Yes The Arduino stuff looks interesting, some of the products I have are SONOFF there is an Aussie engineer on YouTube who shows how to program everything using Arduino and SONOFF gear.

----------


## Armers

Looks like i need to look back into this stuff... I would love to get some more automation happening in this house... In saying that 've got to many projects on the go. Lol 
As much as crestron is awesome and i really enjoy programming it, its bloody expensive.  :Frown:

----------


## Ozcar

> The Arduino stuff looks interesting

  I wasn't really suggesting that you need to throw an Arduino into the mix - rather I was thinking that if an Arduino can work out the time of sunrise and sunset, by doing a fairly simple calculation, then perhaps IFTTT could do the same.  
But then it seems that you can't even include a fixed time-of-day override into what you are doing?

----------


## METRIX

> I wasn't really suggesting that you need to throw an Arduino into the mix - rather I was thinking that if an Arduino can work out the time of sunrise and sunset, by doing a fairly simple calculation, then perhaps IFTTT could do the same.  
> But then it seems that you can't even include a fixed time-of-day override into what you are doing?

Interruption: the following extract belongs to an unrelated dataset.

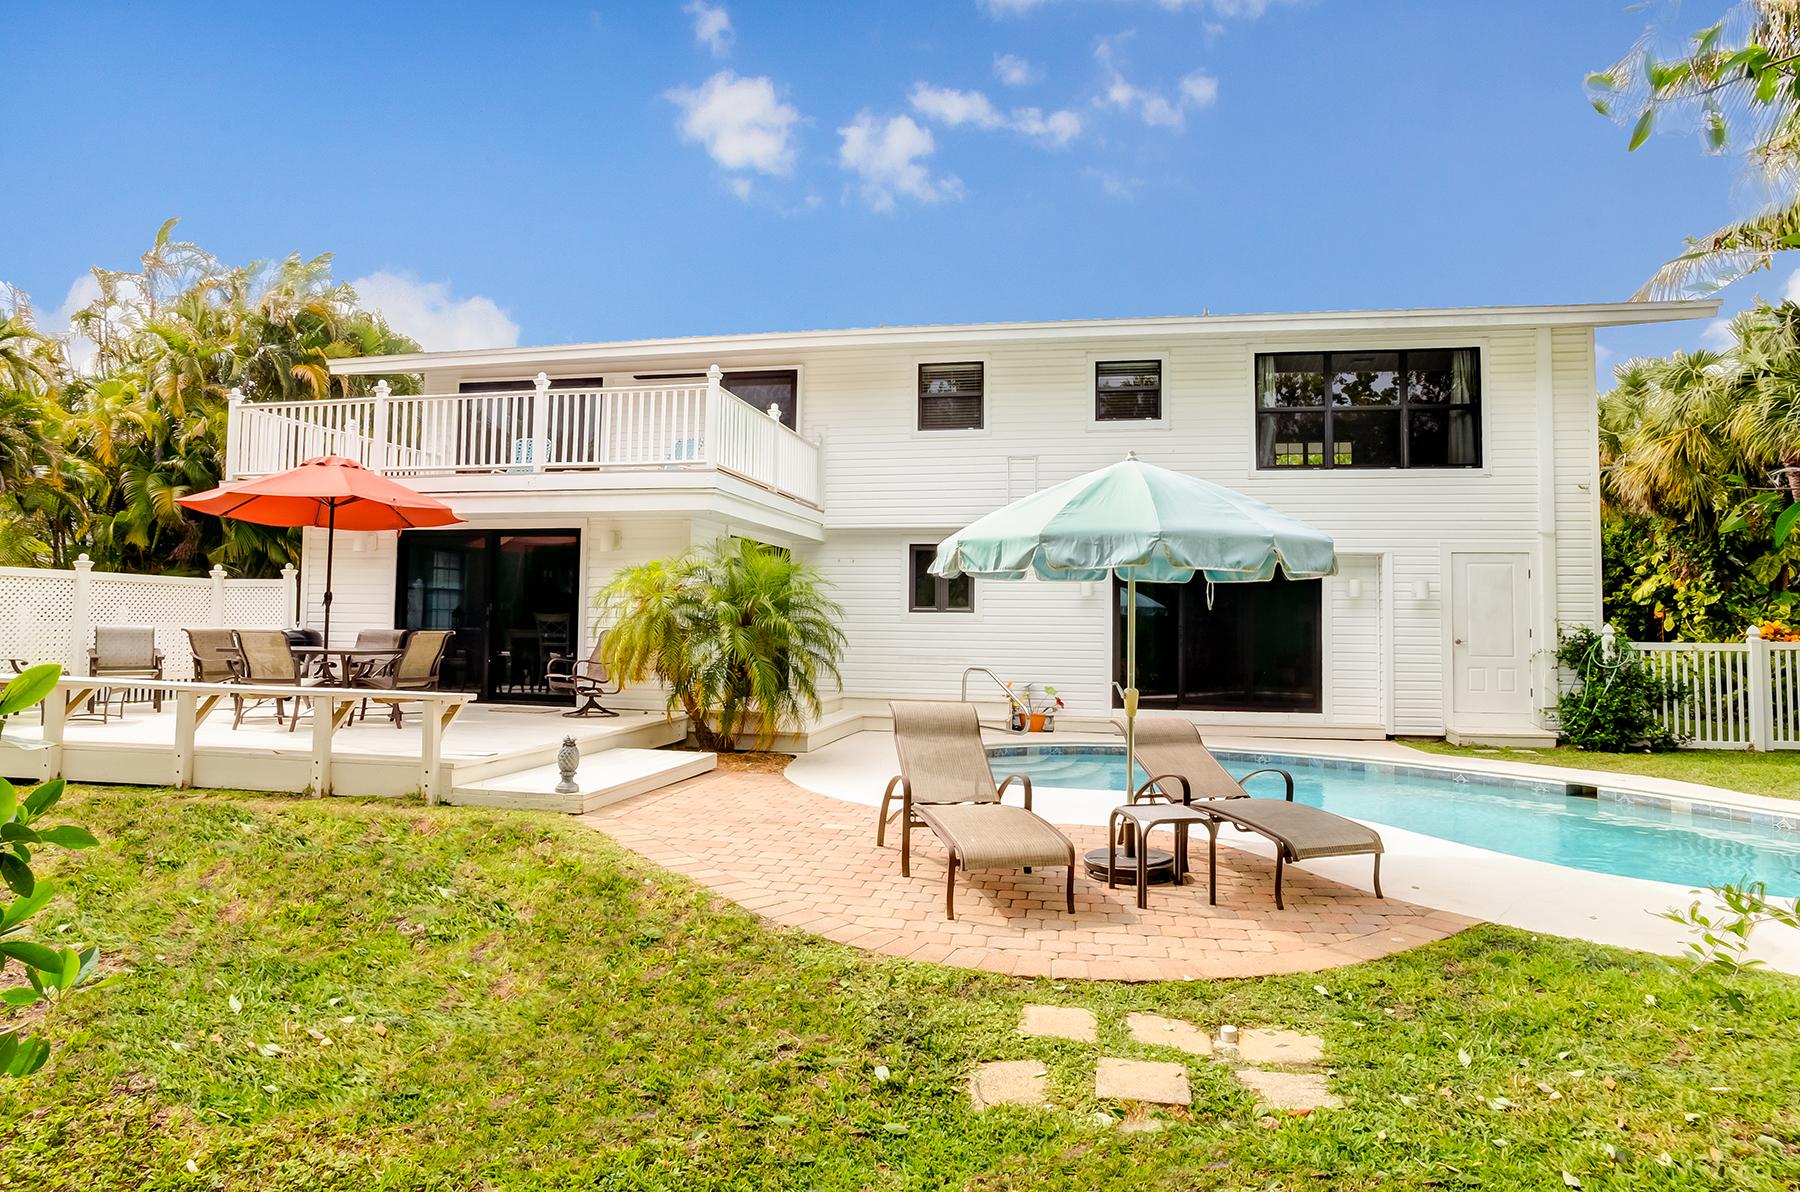 Villa per Vendita alle ore SANIBEL 931 S Yachtsman Dr Sanibel, Florida, 33957 Stati Uniti

  Correct. IFTTT interface does not allow for time of day input on a script, looking into it, this is a common complaint end users requesting IFTTT to implement these options.
I could look at going down to programming level to implement it, but I don;t have the time to learn to do that. 
IFTTT recently changed their scripting to applet based, this allows for complicated scripts to be combines into one, it seems they overlooked time of day implementation, hopefully they will add this functionality.

----------


## Uncle Bob

Just a sort of related side note.
The fabulous WeatherDuino PRO2+ has spare GPIO ports that can do a lot of different things such as water your garden if it hasn't rained for x days, but this could also be used to turn you lights on once the solar sensor detects x W/m2

----------